The impurity, which is described by its coupling to the substrate V(r), has a localization length Limp corresponding to the size of the QD, and drops to zero for |r| Limp. We can therefore reasonably set the corresponding Fourier transform \(\widetilde{V}({\bf{k}})\) constant for momenta k = |k| in the interval [kF − β/Limp, kF + β/Limp], in which β is on the order of one, whereas its concrete value depends on the spatial details of the impurity coupling V(r). In the following order-of-magnitude approximation, we set β = 1. From equation (11), we find that the physics of a spatially extended impurity does not differ from that of a localized impurity if \(\frac{1}{{\omega }^{2}-{{\epsilon }}_{{\bf{k}}}^{2}-{\varDelta }_{{\rm{s}}}^{2}}\ll 1\) at k = kF ± 1/Limp. Combining the last two formulas, we find that an extended impurity can be considered as localized if ω is within a few Δs from EF, which is the case for the experiment in the main text, and if \(\frac{{v}_{{\rm{F}}}}{{\varDelta }_{{\rm{s}}}}=\xi \gg {L}_{{\rm{imp}}}\), in which ξ = vF/Δs is the proximitized superconducting coherence length in the Ag islands. For Ag, the Fermi velocities range from 0.518 to 1.618 × 106 m s−1 (ref. 59), resulting in ξ = 253 to 789 nm, which is considerably larger than the maximal extent of our QDs reaching Limp = 24 nm. The QD level can therefore be treated as a localized impurity.
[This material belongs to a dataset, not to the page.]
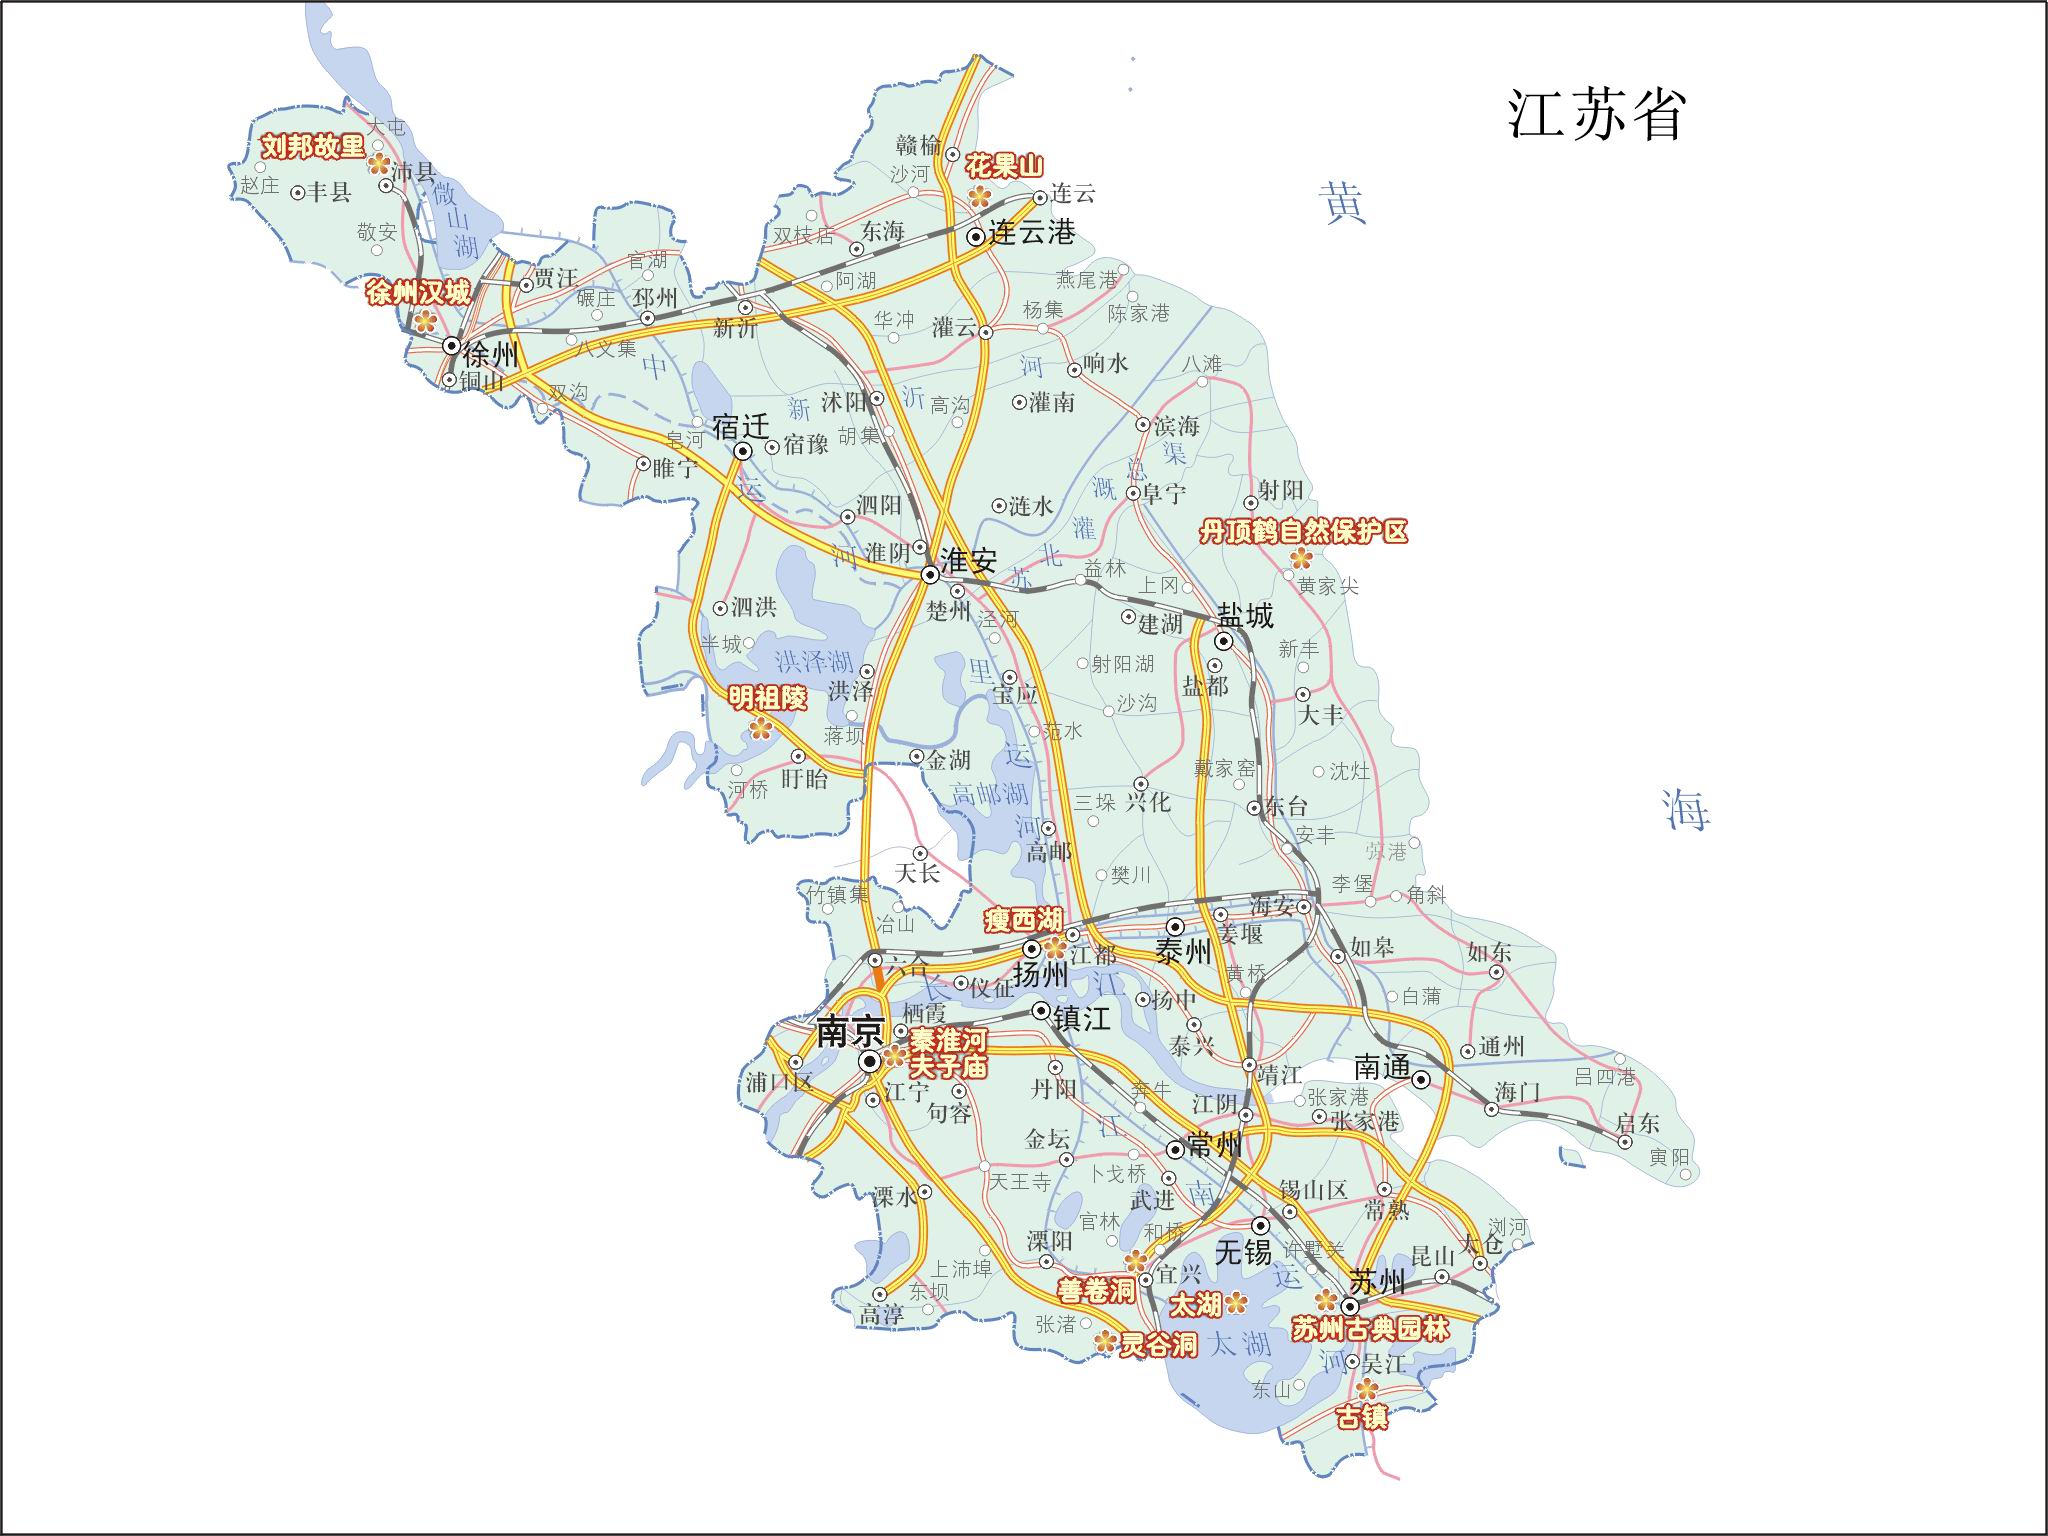 建国初期江苏为何没有被设置为一个省? - 绝密历史 - 历史频道 - 华声在线

In this limit, the Green’s function can be written as

$${G}_{{d}_{\sigma },{d}_{\sigma }^{\dagger }}(\omega )=\frac{\omega +{E}_{{\rm{r}}}+\frac{\varGamma \omega }{\sqrt{{\varDelta }_{{\rm{s}}}^{2}-{\omega }^{2}}}}{{\omega }^{2}\,\left(1+\frac{2\varGamma }{\sqrt{{\varDelta }_{{\rm{s}}}^{2}-{\omega }^{2}}}\right)-{E}_{{\rm{r}}}^{2}-{\varGamma }^{2}},$$


in which Γ = πV2D, with D = \({k}_{{\rm{F}}}^{2}W\)/(2π2vF) being the density of states per spin species of the substrate above the critical temperature at EF and W is its volume. The LDOS is given by

$${\rm{L}}{\rm{D}}{\rm{O}}{\rm{S}}(E)=-\frac{2}{{\rm{\pi }}}{\rm{I}}{\rm{m}}\,\left[\frac{\omega +{E}_{{\rm{r}}}+\frac{\varGamma \omega }{\sqrt{{\varDelta }_{{\rm{s}}}^{2}-{\omega }^{2}}}}{{\omega }^{2}\left(1+\frac{2\varGamma }{\sqrt{{\varDelta }_{{\rm{s}}}^{2}-{\omega }^{2}}}\right){-{E}_{{\rm{r}}}}^{2}-{\varGamma }^{2}}\right].$$


We note the emergence of in-gap states as found in ref. 12. The energy ε+ of this in-gap state for a range of values Er and Γ is plotted in Extended Data Figs. 2 and 3. Recently, an LDOS of a localized impurity including further magnetic scattering has been derived60. In contrast to a metallic bath, in which the scattering results in a spectral broadening of the local level, the superconducting bath induces superconductivity by proximity to the local level. Hence, when Er lies within the gap of the superconductor, the state at Er splits into two particle–hole-symmetric ones around EF. Notably, for energy scales Er sufficiently larger than Δs, equation (13) reduces to a typical Lorentzian LDOS of width Γ at position Er, as observed in the experiment.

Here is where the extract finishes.